Giving Compass' Take:

• Angela Baldasare explains how bureaucratic barriers prevent student success and how streamlining can reduce and remove these barriers. 

• How can funders help schools reduce these barriers? 

• Learn more about colleges' approaches to student success


Institutions of higher education are facing greater challenges today than ever before. Administrators are grappling with increasing accountability measures, tenuous public support, and the emergent expectations of a diverse student population. At the same time, higher education leaders are also now able to tackle these challenges differently, through access to more abundant data and new tools aimed at improving student success.

Solutions to many of these problems are available, yet change can be slow.

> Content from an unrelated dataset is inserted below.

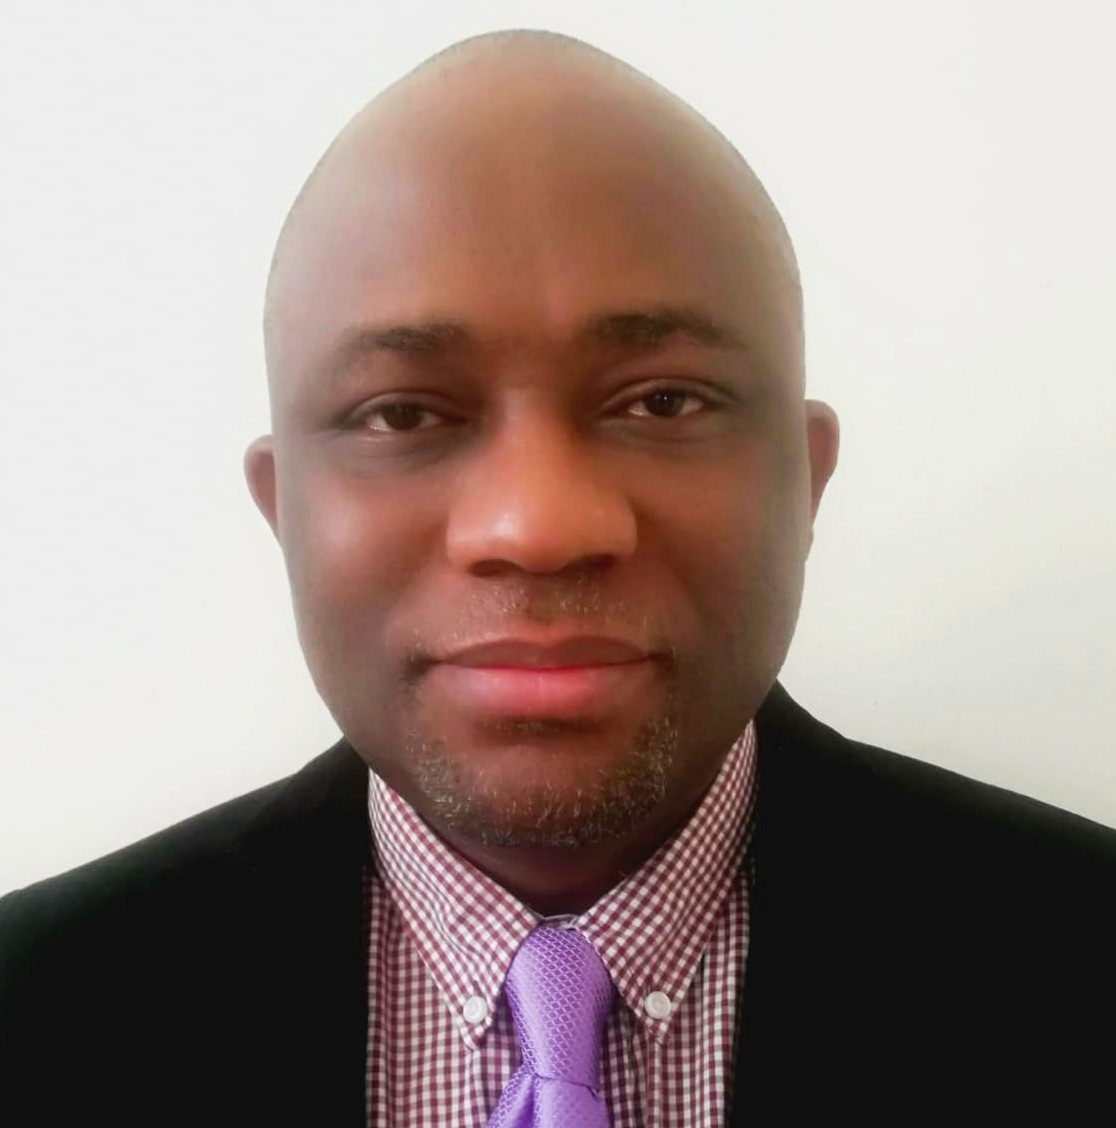 Dr. Okobi Ekpo

Too often, we conceptualize our challenges around student success as rooted in the deficits of students, when in reality, institutional process and the fragmentation of skills and knowledge more often present the biggest barriers to unlocking student success.

Take the University of Arizona, for example, where I served as an assistant provost for four years. There, a data warehouse and business intelligence system was built to provide easy access to data throughout the entire institution. Later we combined that data infrastructure with institutional research to improve strategic decision making.

Yet despite having prolific data dashboards, leaders continued to have difficulty obtaining the actionable information they needed to inform better, more timely student success efforts.

What’s more, countless third party systems continued to present challenges to integration of data across campus into our data warehouse where it could be made available to all. These weren’t just technical integration challenges—some campus leaders wanted to maintain ownership control over how data from processes in their areas would be presented, interpreted, used, and by whom.